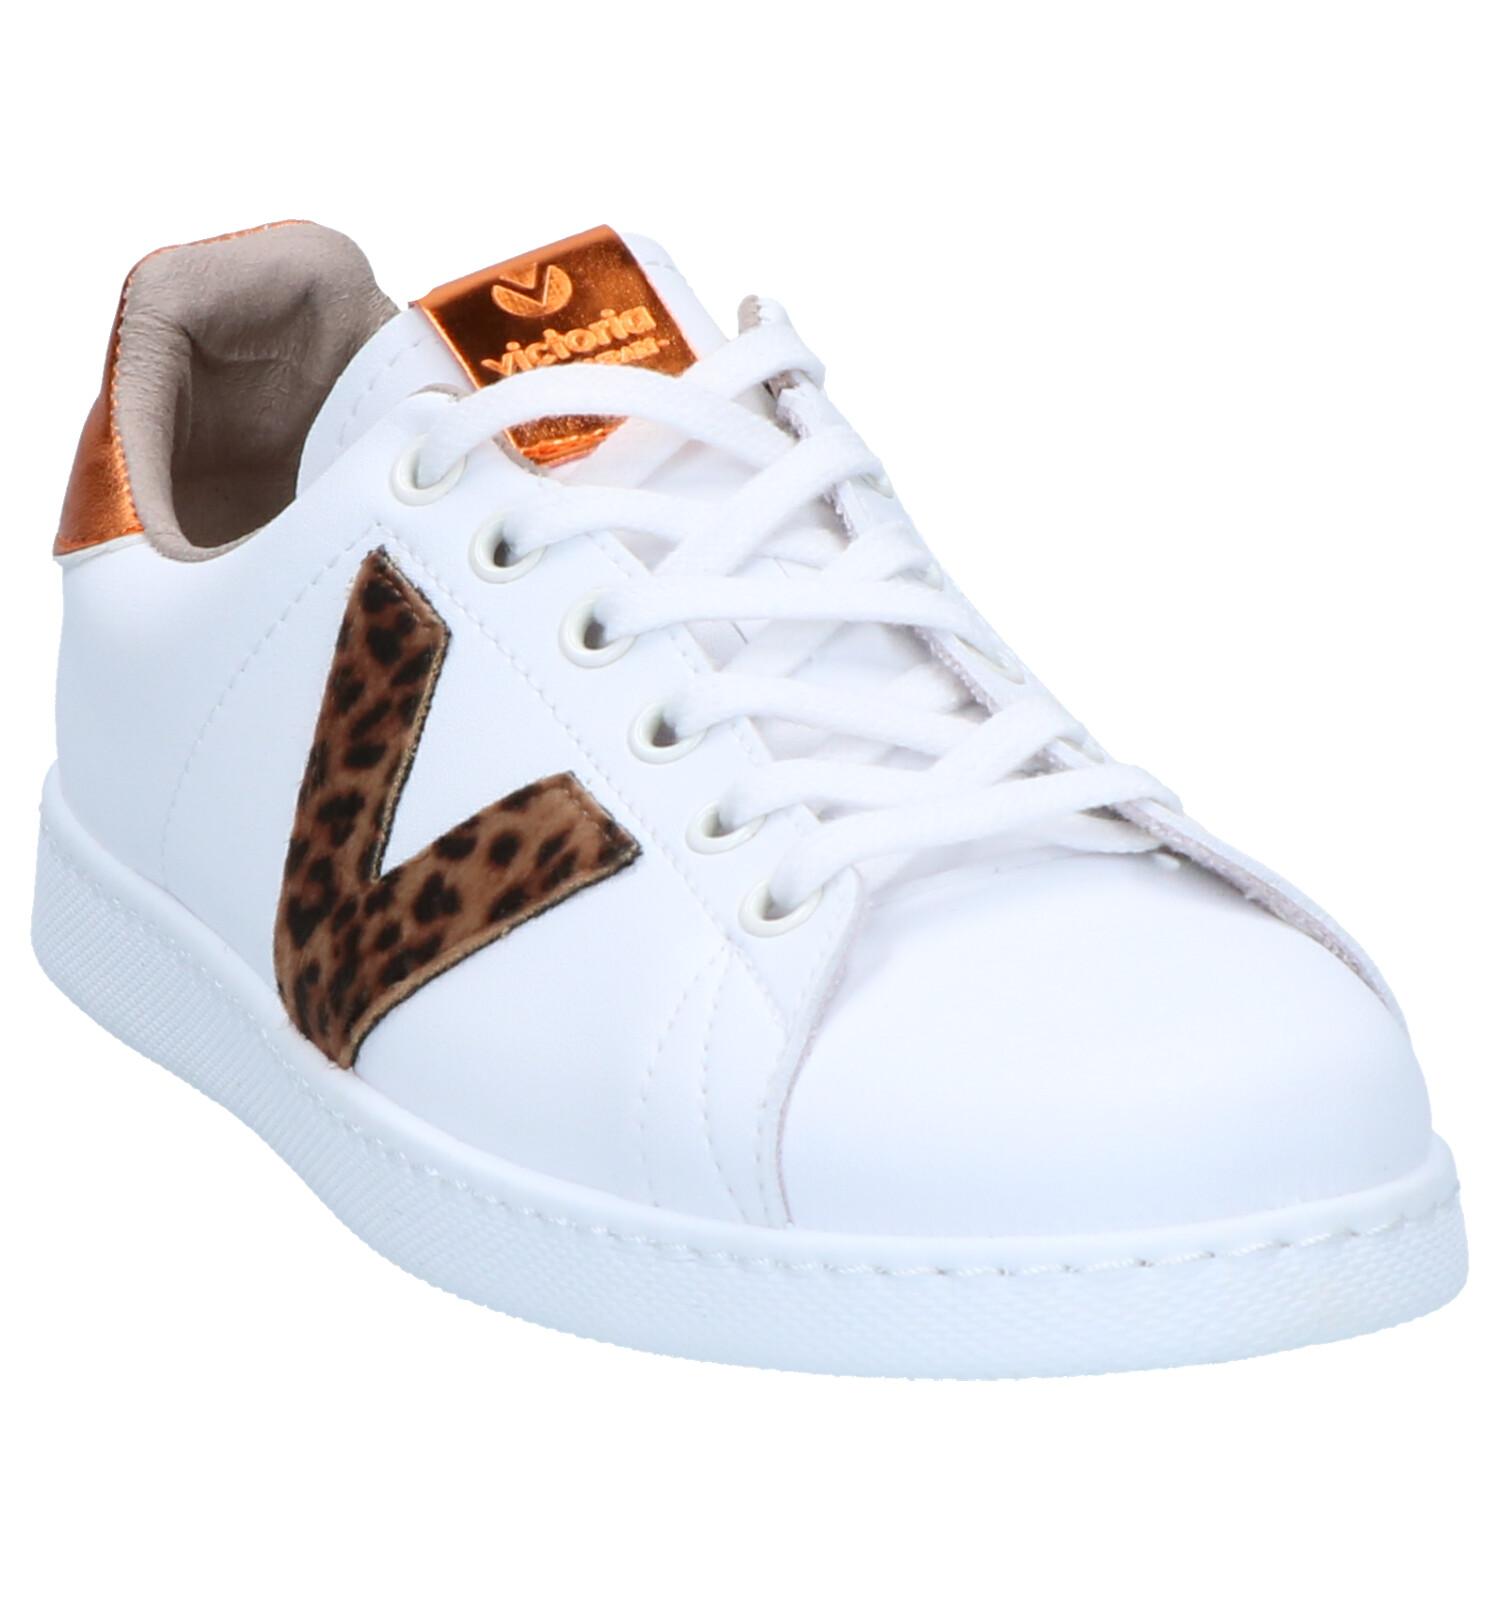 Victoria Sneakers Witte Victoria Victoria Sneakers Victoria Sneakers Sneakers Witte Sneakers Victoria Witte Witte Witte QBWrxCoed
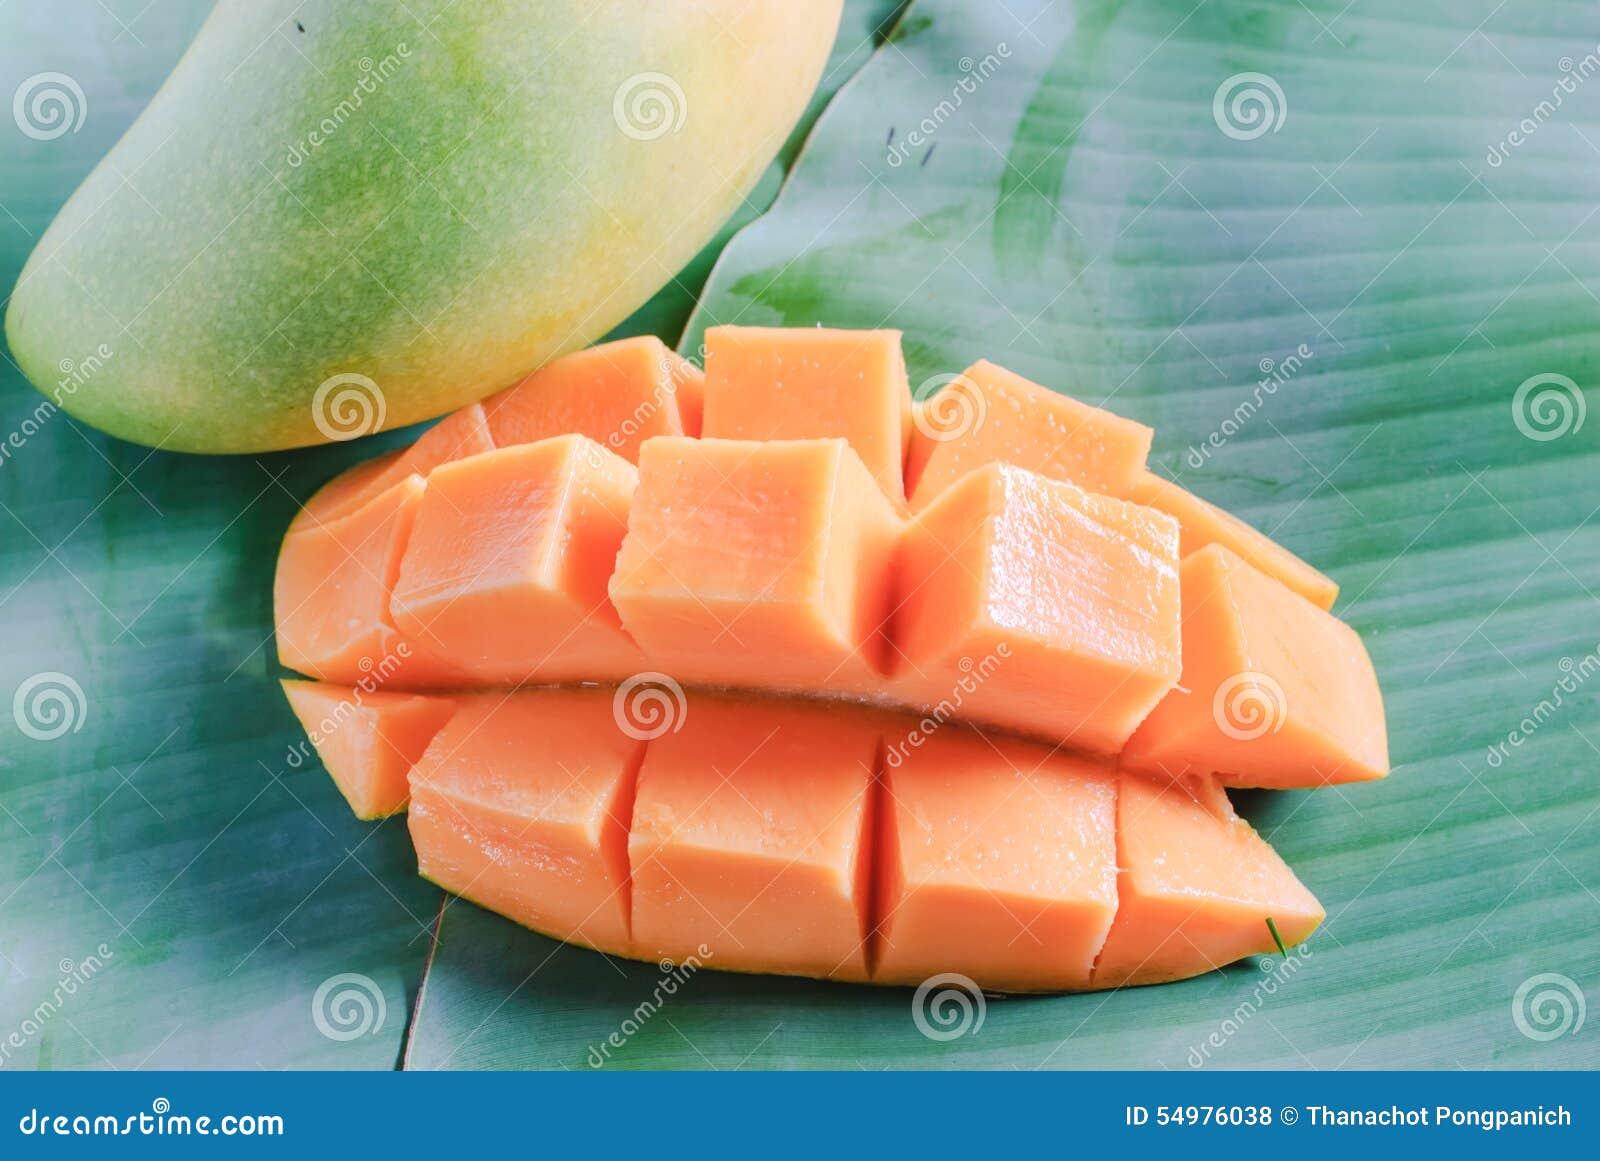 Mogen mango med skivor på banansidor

=======

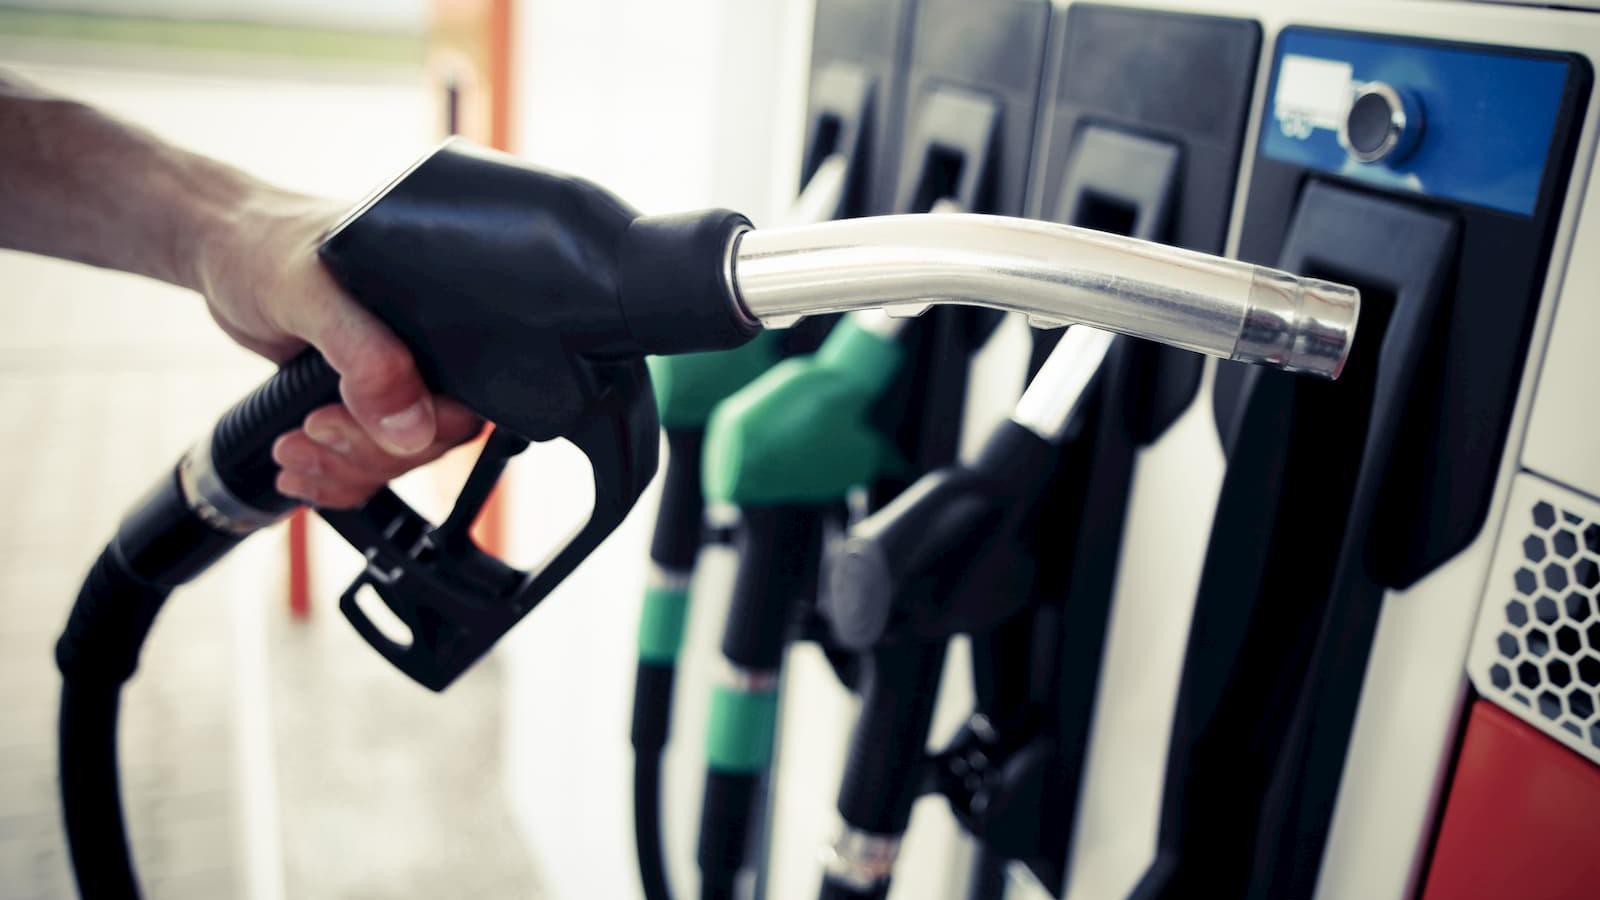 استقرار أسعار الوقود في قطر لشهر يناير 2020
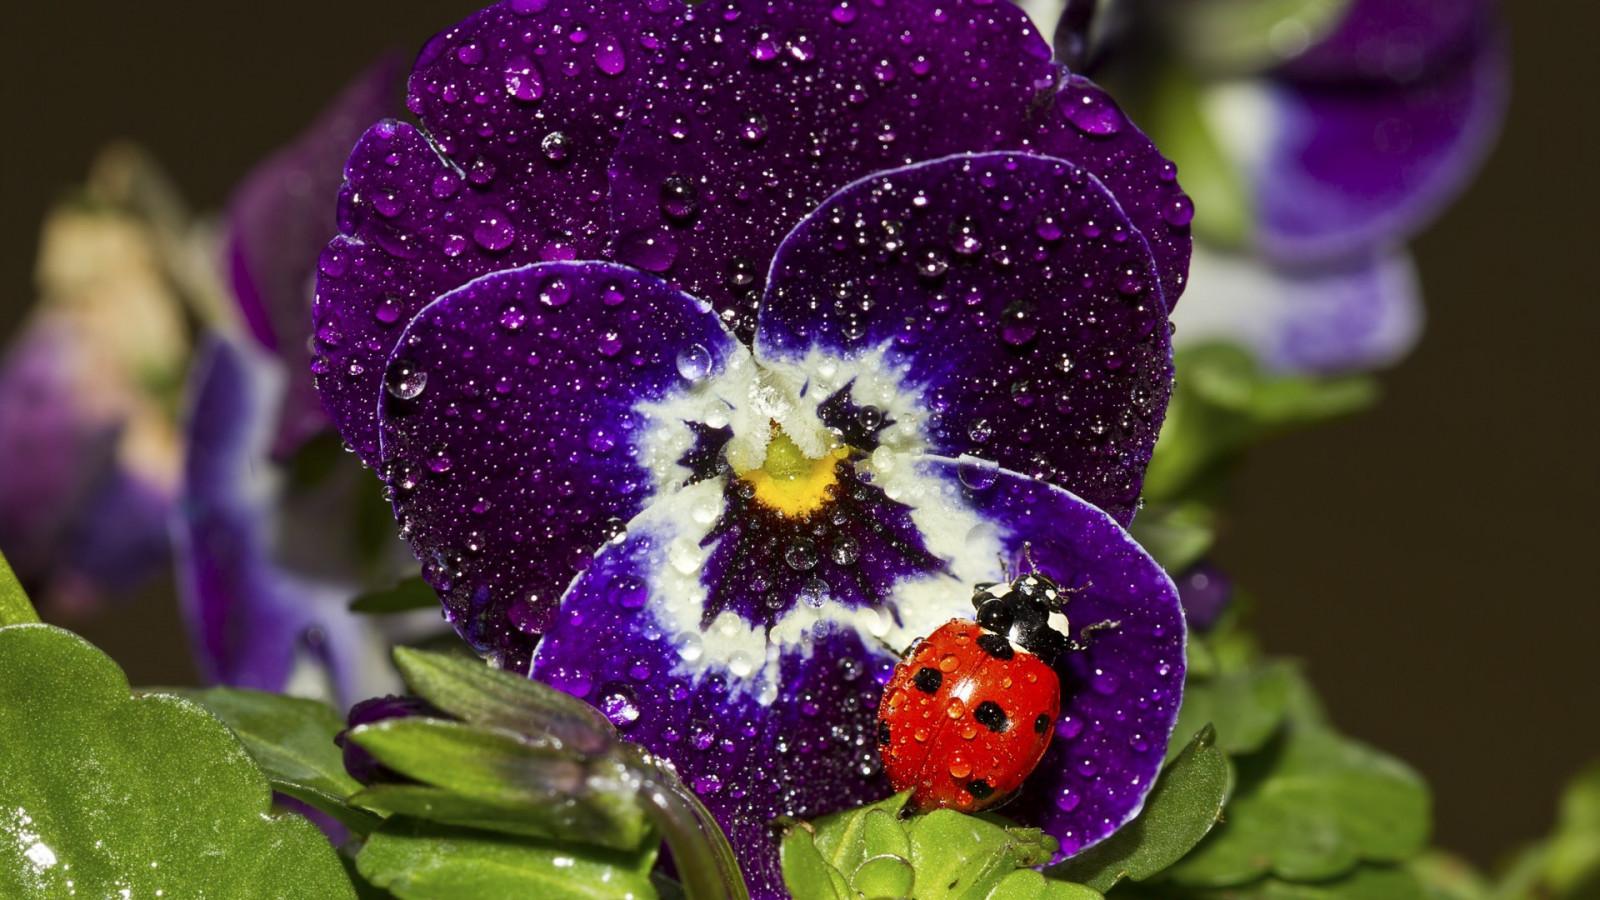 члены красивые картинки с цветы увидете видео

=======

While skipping the pictures, transcribe the data above from the line showing "Victoria Sneakers Witte" through the line showing "Mogen mango med skivor på banansidor", exactly and with both ends.

 Victoria Sneakers Witte Victoria Victoria Sneakers Victoria Sneakers Sneakers Witte Sneakers Victoria Witte Witte Witte QBWrxCoed
 Mogen mango med skivor på banansidor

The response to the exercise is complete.